> **Exercise**
If a line of the data below holds the word "screw", list it.

--- Provided records ---

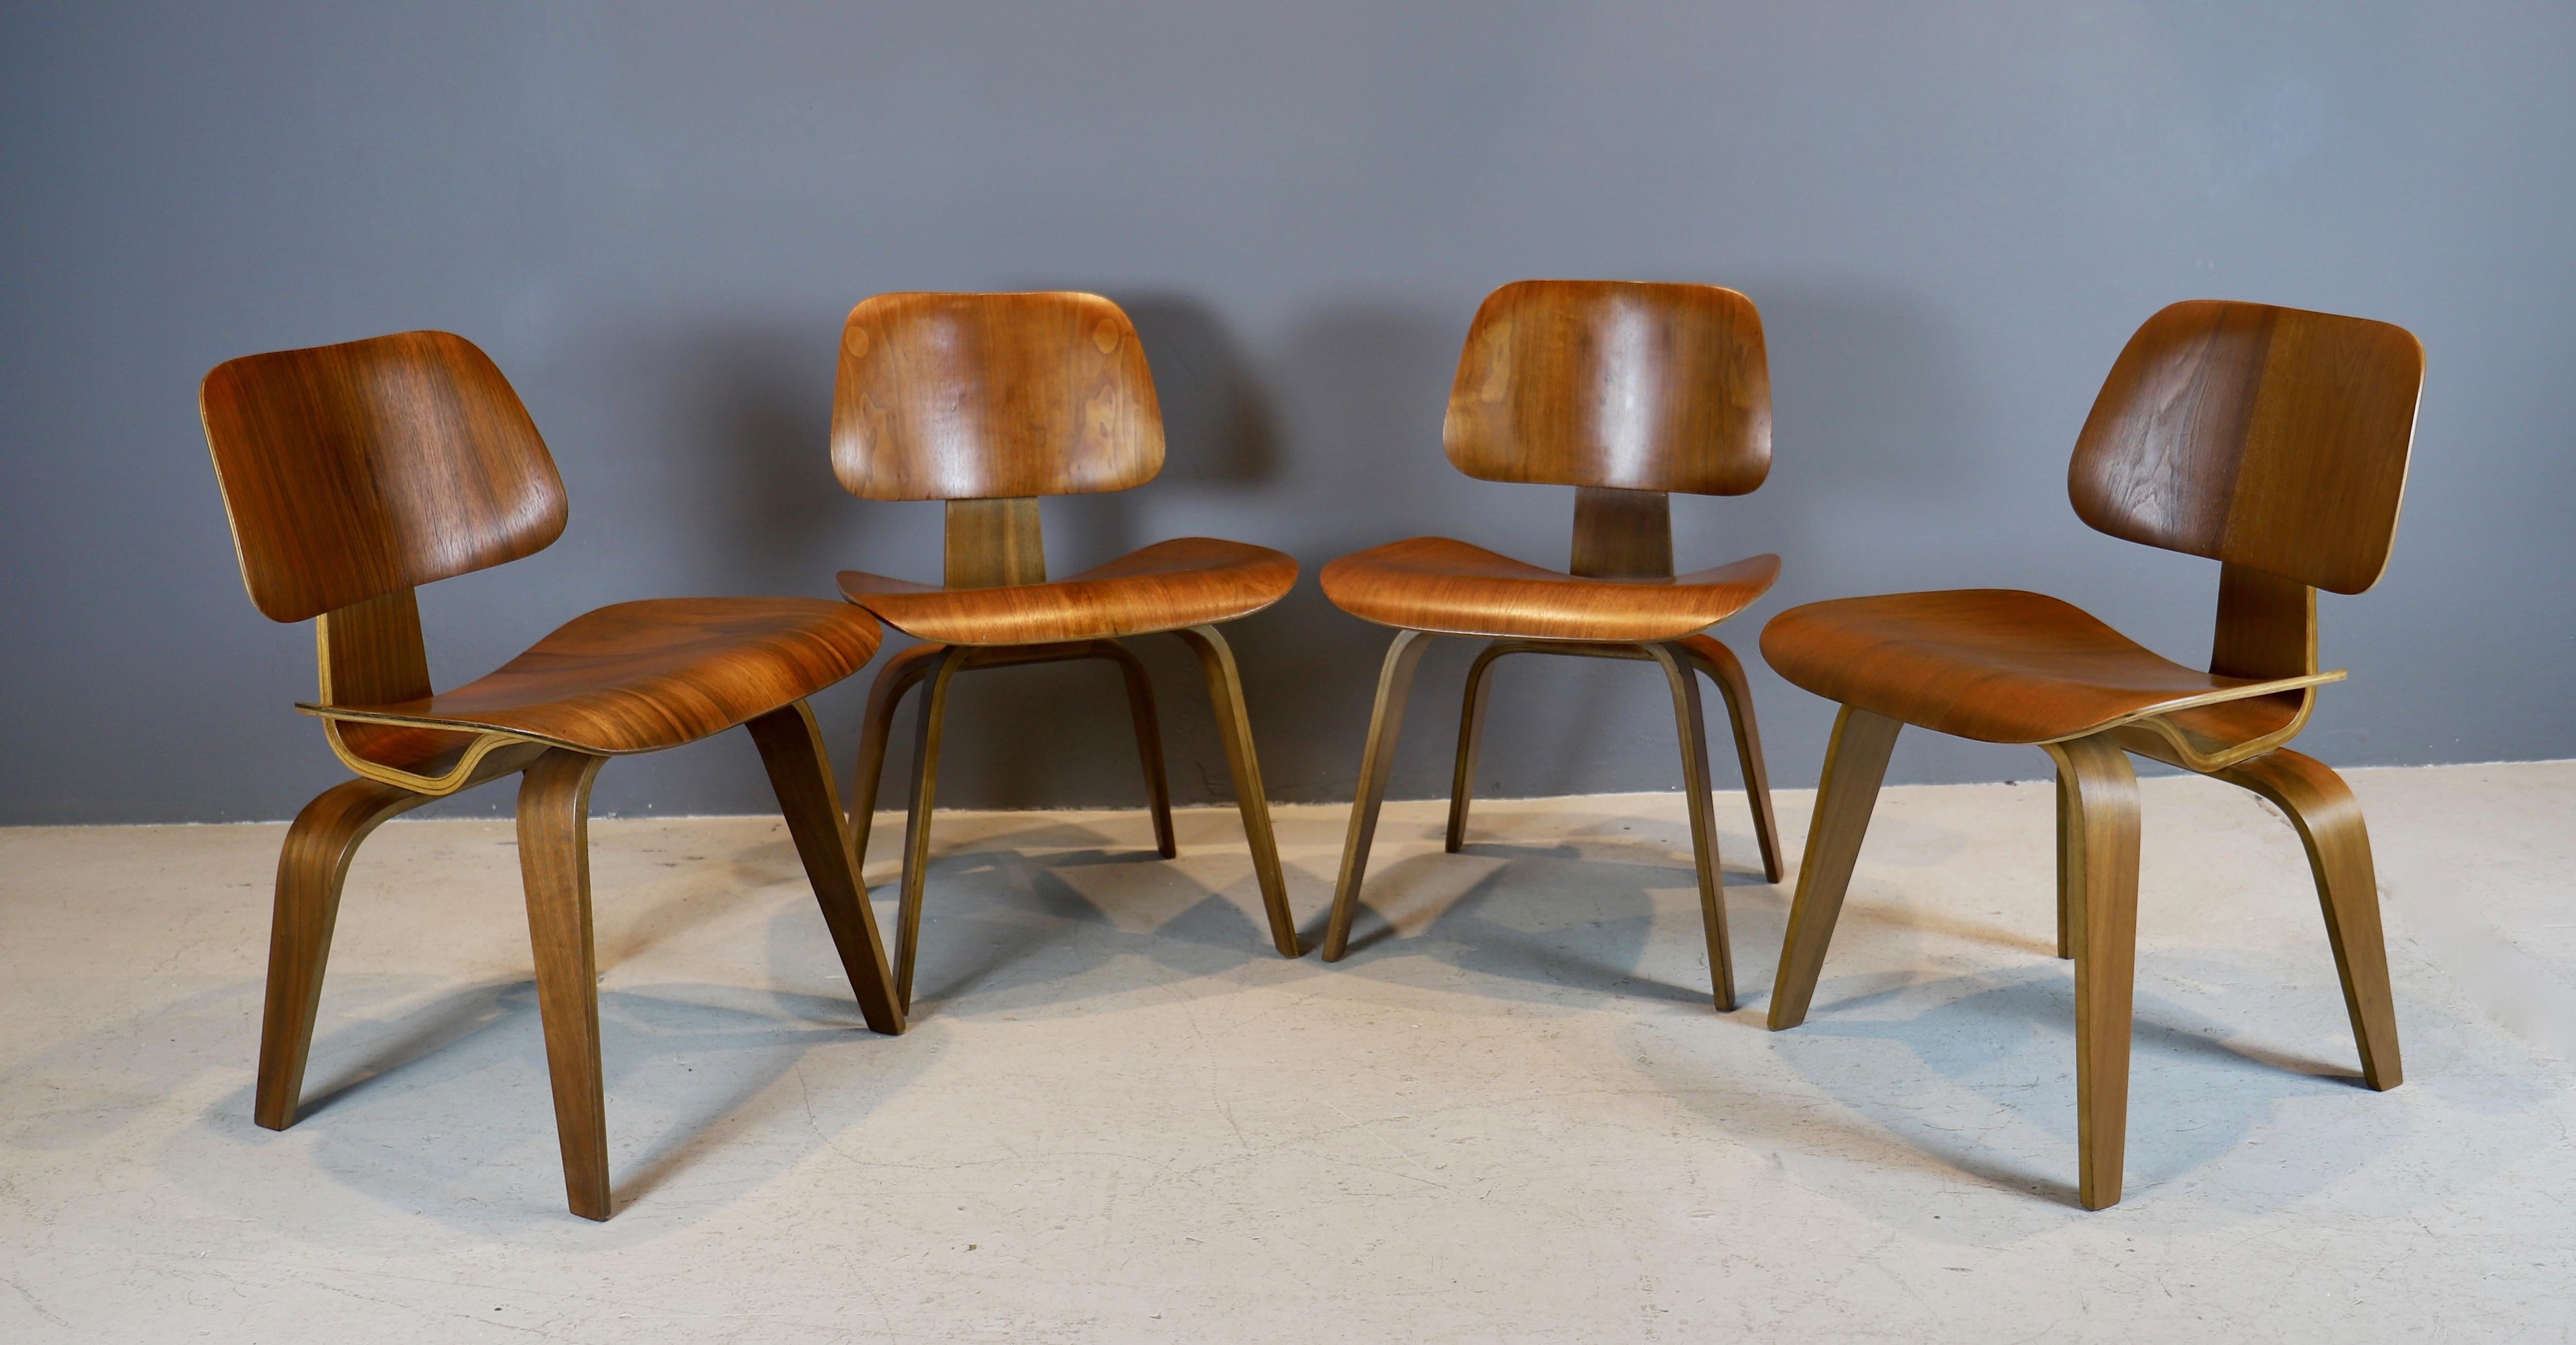 Iconic set of four “DCW” chairs by Charles and Ray Eames in walnut
plywood, circa 1940s - first generation.
Early Evans production, 5/2/5 screw configuration underneath.
Chairs have been cleaned and polished, ready for use.
Old screw repair on

---

> **Result**
Early Evans production, 5/2/5 screw configuration underneath.
Old screw repair on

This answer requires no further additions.